RadioReverb

Brighton; England;
- Broadcast area: Brighton and Hove
- Frequencies: FM: 97.2 MHz DAB: 9A

Programming
- Format: Community radio

Links
- Webcast: www.radioreverb.com/listen-live/
- Website: www.radioreverb.com

= Radio Reverb =

RadioReverb is a Brighton based non-profit community radio station. The station broadcasts on 97.2 FM and DAB radio as well as online, to the Brighton and Hove area.

==History==
RadioReverb originally started by broadcasting as a Restricted Service Licences during Brighton Festival in 2004. In December 2005, it was awarded a Community Radio licence, and commenced broadcasting on 26 March 2007.

The station describes itself as "Brighton’s radio alternative, a community radio station that is working to create access to the airwaves and make a real difference for the people living here".

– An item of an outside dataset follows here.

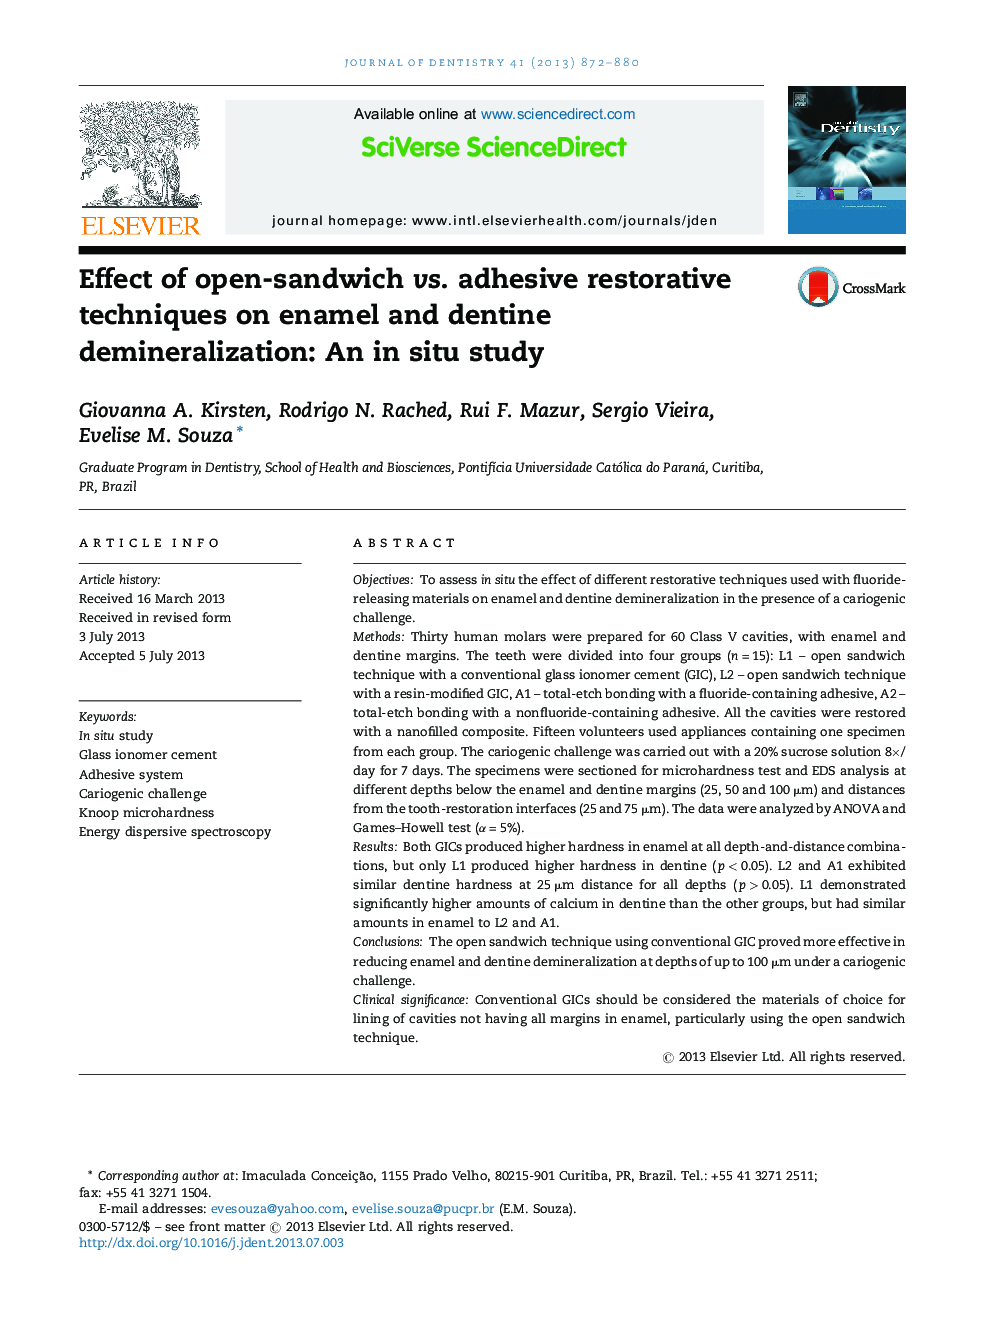 Effect of open-sandwich vs. adhesive restorative techniques on enamel and dentine demineralization: An in situ study

The station moved to Brighton's Open Market in September 2016, having previously been located on Old Steine.

==Programmes==
RadioReverb hosts a diverse offering of music, speech, and community programming. Long-running music shows include Ears Wide Open, Slipstreem, Eclectic Chair, Dusty Groove Jukebox Show, Currently Off Air, and English Disco Lovers. Community and speech programming includes that for the LGBT community: Out In Brighton (its presenter Kathy Caton having been shortlisted for a National Diversity Award), Time 4T, and HIV Hour; those with learning disability: Carousel Radio; the local migrant community: Refugee Radio; and local football supporters: The Albion Roar.

==Training==
The station also runs radio-based training comprising presenting, programme planning, interviewing skills and live studio broadcasting.